ASU Associate Professor Cody Friesen. Photo: Jessica Hochreiter, Arizona Board of Regents.

100-year-old utility system collides with solar advances — ASU researchers seek solutions

ASU’s transdisciplinary approach also lives in its solar and renewable energy research.

ASU’s chief research and innovation officer, Sethuraman “Panch” Panchanathan, loves to toss these impressive figures into casual conversation: Between 2001 and 2016, Arizona State University more than quadrupled its research output from $110 million to more than $500 million annually. It’s a nice icebreaker, but the “why” behind those figures, he asserts, is what really moves a conversation.

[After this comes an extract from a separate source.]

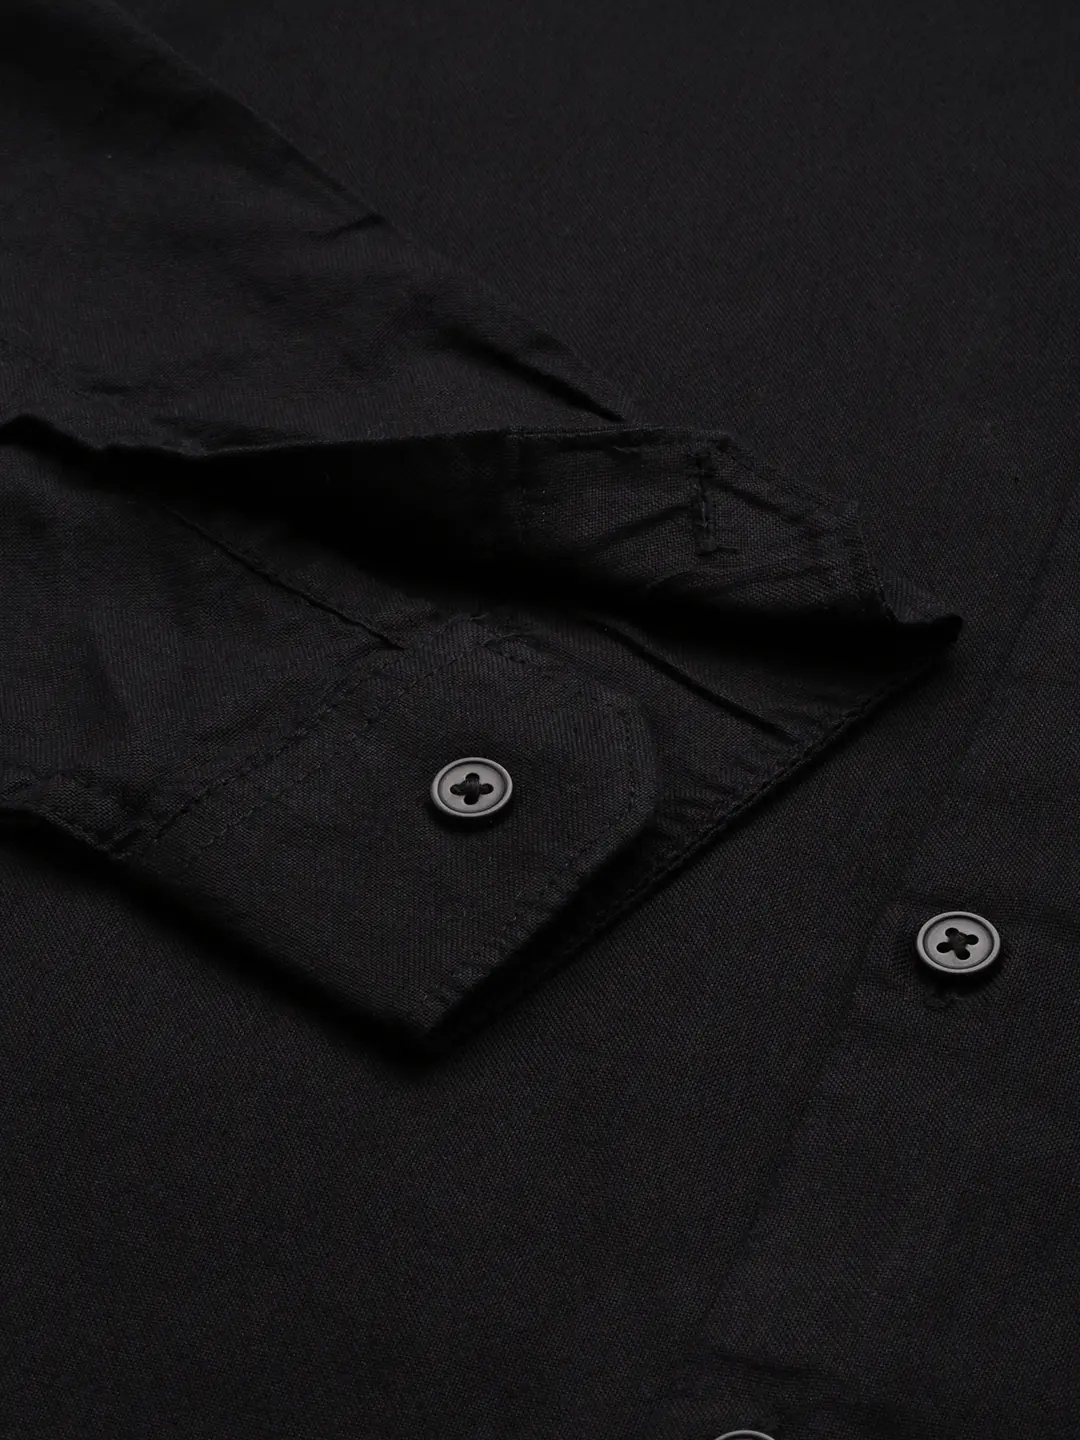 SHOWOFF Men's Spread Collar Black Solid Shirt

Panchanathan knows bright research minds can’t live in silos. They need an entrepreneurial environment that arms them with insights from other disciplines. How does this work? A cybersecurity researcher, for example, benefits from a sociologist’s input to help identify a hacker in a dangerous dark net underworld. This transdisciplinary approach also lives in ASU’s solar and renewable energy research.

“We can’t just care about ‘how to produce a high-efficiency [solar] cell’ and put all the science and engineering into that,” he says.

Starting with innovation

Currently, solar technology can be seen as a disruptor in energy and utility systems. Panels are more affordable than ever, and consumer demand keeps climbing. Arizona’s smart meter debate is one example of how renewables don’t easily mesh with an old system. But don’t expect the friction to stop anytime soon. Solar will continue to get better — and cheaper.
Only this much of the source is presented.